I have a property declared as follows:
public decimal? MyProperty { get; set; }
I am needing to pass this value to another method as a string and so the only way I see to do so is as follows:
MyProperty == null ? null : MyProperty.ToString()
This looks very messy when you have a number of similar properties being passed into a method.
Does anyone know if there is a better and more concise way of writing this?
Oh, and if anyone can think of a more appropriate title to this question please feel free to change it...
You can use the Nullable<T>.ToString()
override ...
var s = MyProperty.ToString(); // returns "" if MyProperty is null
You could use HasValue instead of the comparison:
MyProperty.HasValue ? MyProperty.Value.ToString() : null;
Make string get properties on the class containing the property and it won't be messy wen you need to get the string version.

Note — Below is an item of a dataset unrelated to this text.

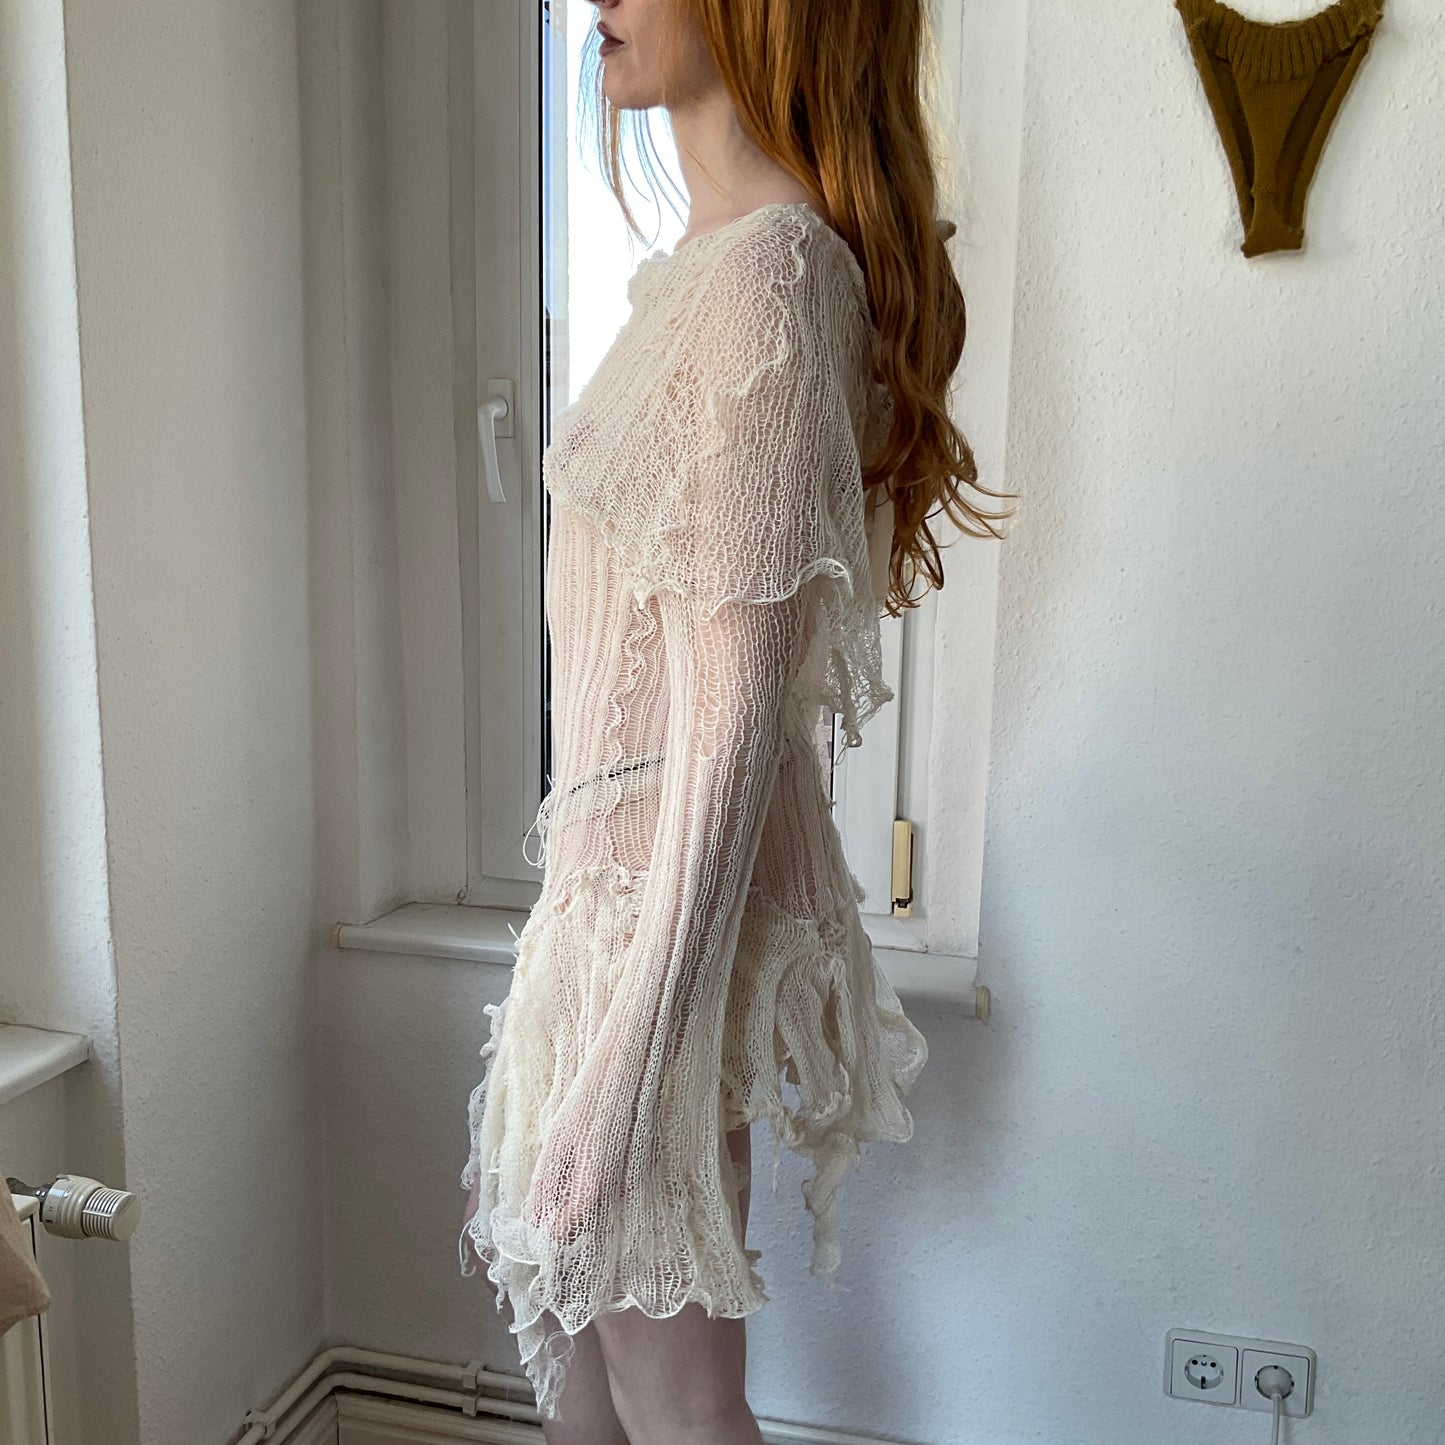 gargarox ~ Fairy dress

public decimal? MyProperty { get; set; }
public string MyPropertyString
{
get
{
return MyProperty.HasValue ? MyProperty.Value.ToString() : null;
}
}
If it is ok to have zero istead of null then:
(MyProperty ?? 0).ToString()
Otherwise add extension method:
public static string AsString(this decimal? val)
{
return val == null ? null : val.Value.ToString();
}
// Use:
MyProperty.AsString() // This will NEVER cause NullReferenceException
You could declare an extension method on Decimal.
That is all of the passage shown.